Below is a listing. Return the lines from the one that contains "Резервуар для хранения" to the one that contains "Ridelle Floor Plan", both ends included, verbatim and with no pictures.

== Extracted entries ==
_ _ _ _ _

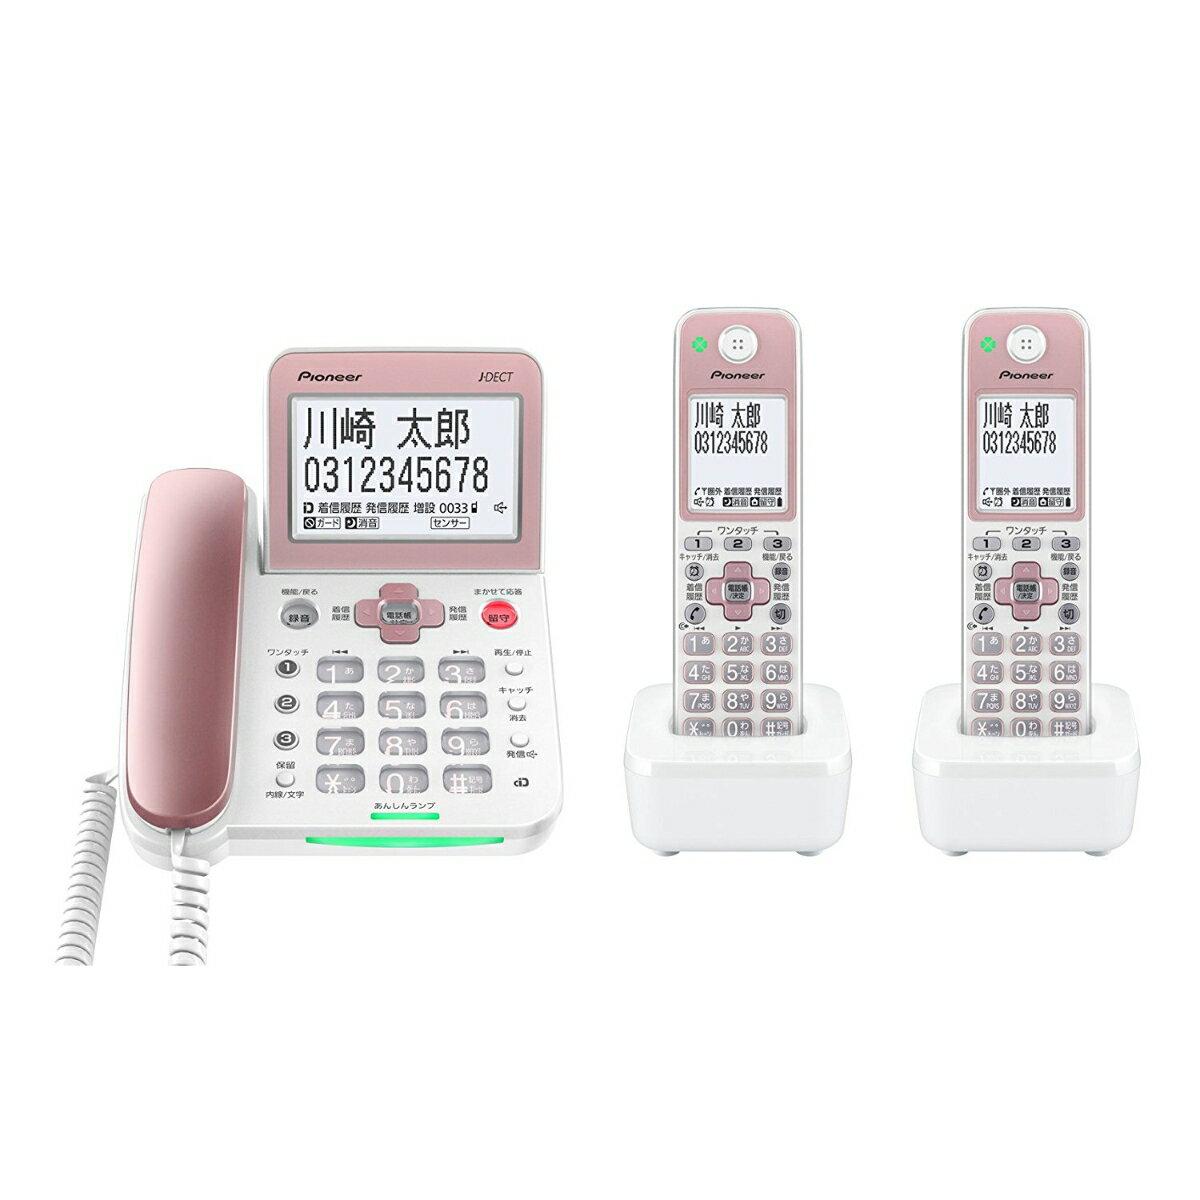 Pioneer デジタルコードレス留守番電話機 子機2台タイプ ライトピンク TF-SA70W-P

_ _ _ _ _

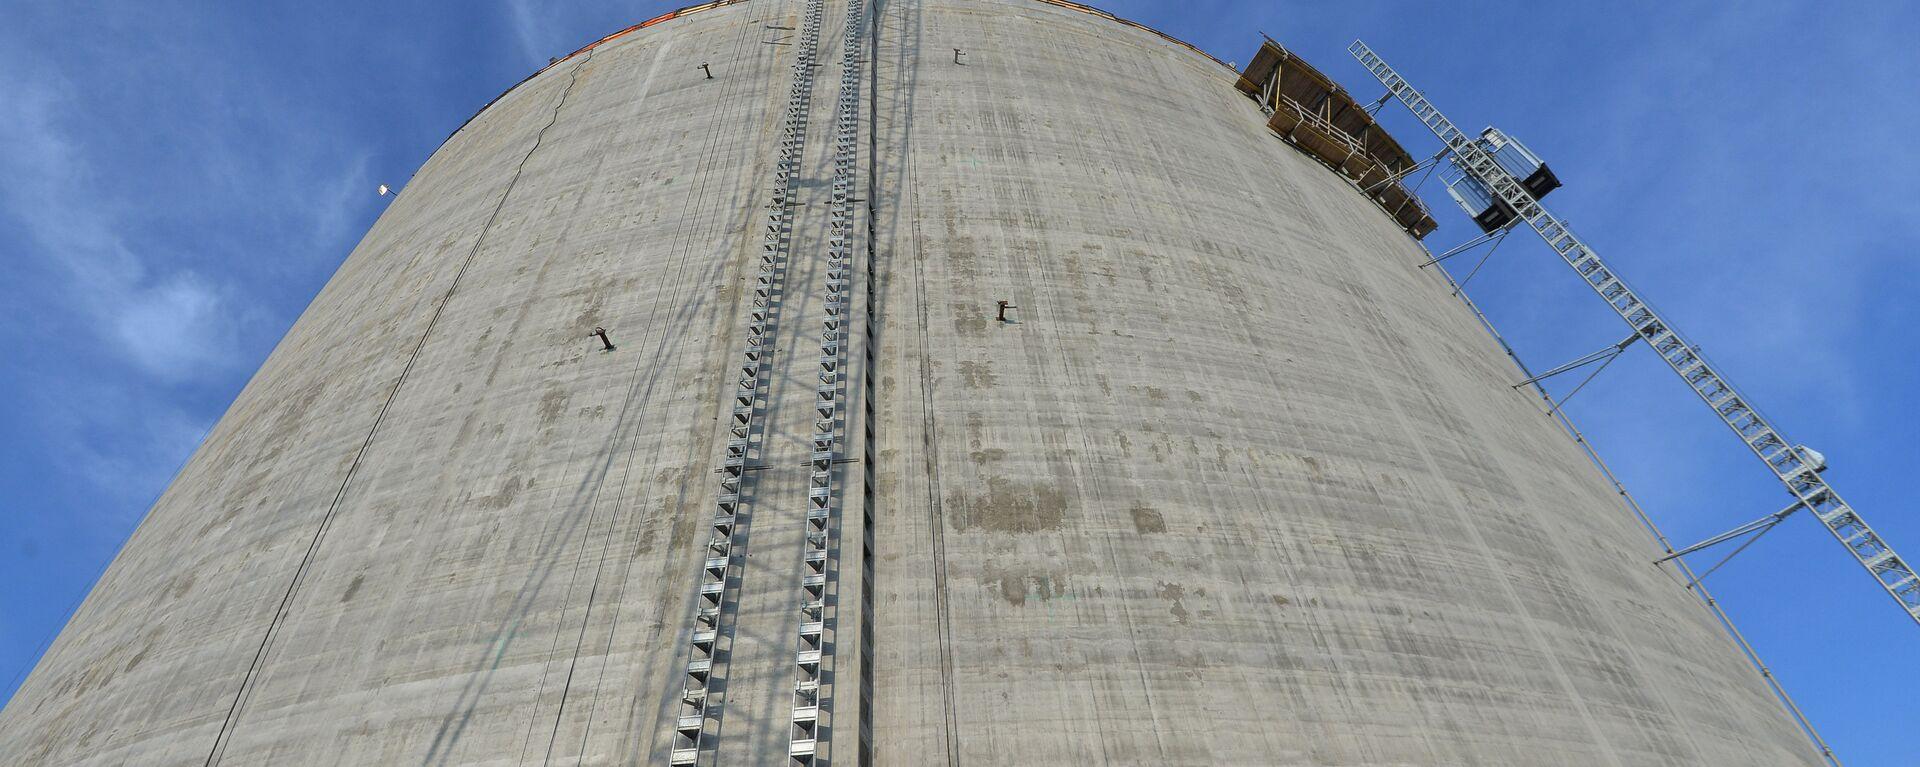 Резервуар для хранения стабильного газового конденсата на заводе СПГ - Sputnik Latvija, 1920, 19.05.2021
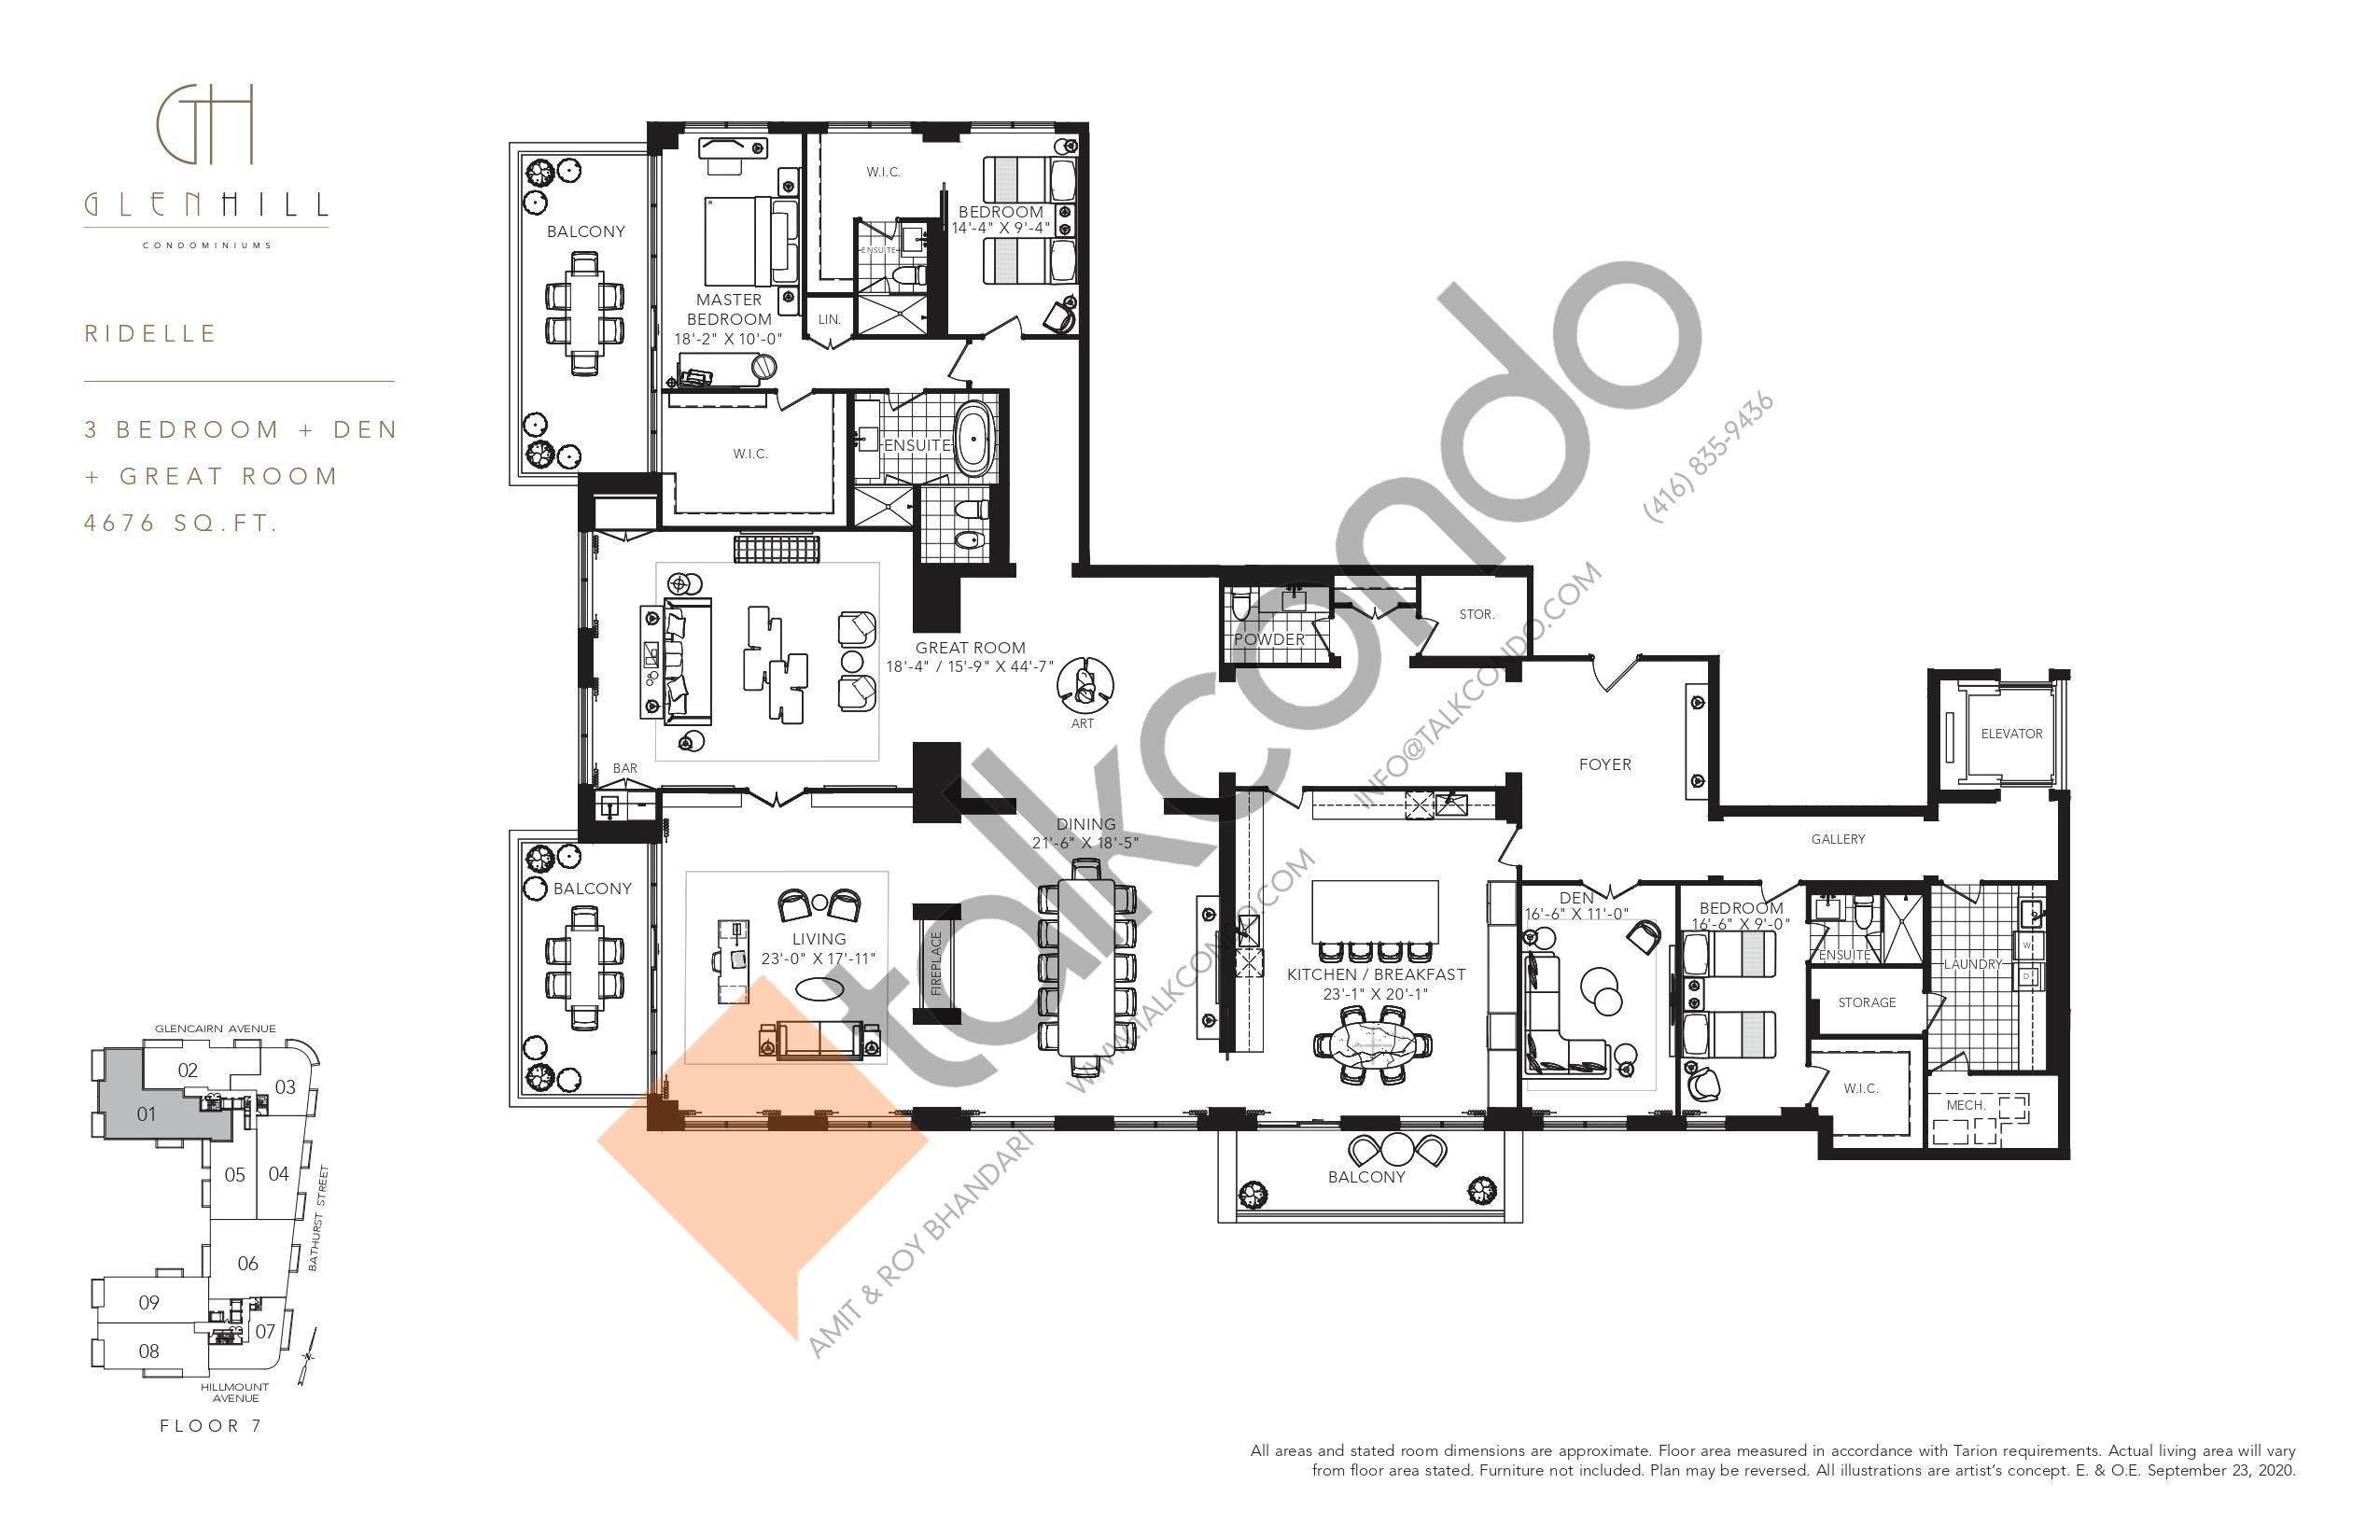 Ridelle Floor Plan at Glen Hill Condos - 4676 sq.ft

_ _ _ _ _

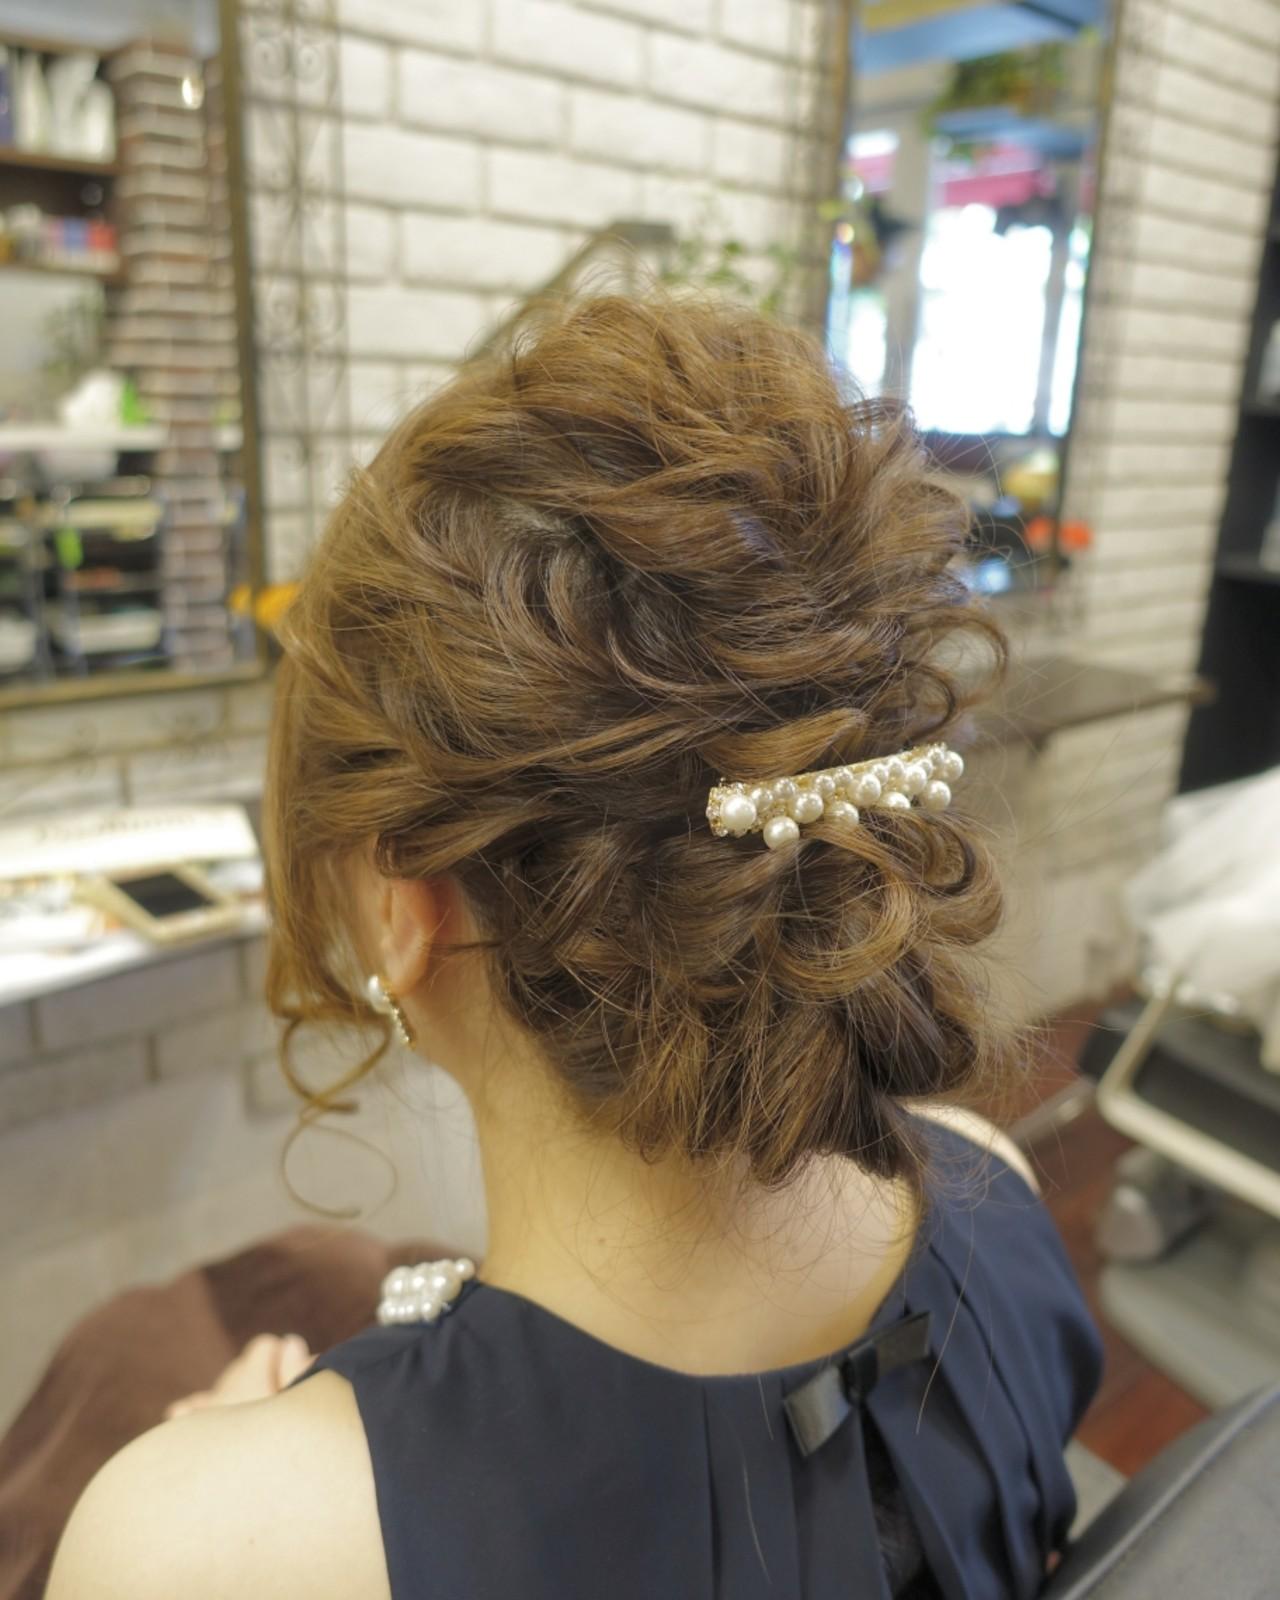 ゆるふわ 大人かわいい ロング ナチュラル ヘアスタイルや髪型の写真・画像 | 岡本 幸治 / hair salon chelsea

_ _ _ _ _

== Solution to the problem ==
 Резервуар для хранения стабильного газового конденсата на заводе СПГ - Sputnik Latvija, 1920, 19.05.2021
 Ridelle Floor Plan at Glen Hill Condos - 4676 sq.ft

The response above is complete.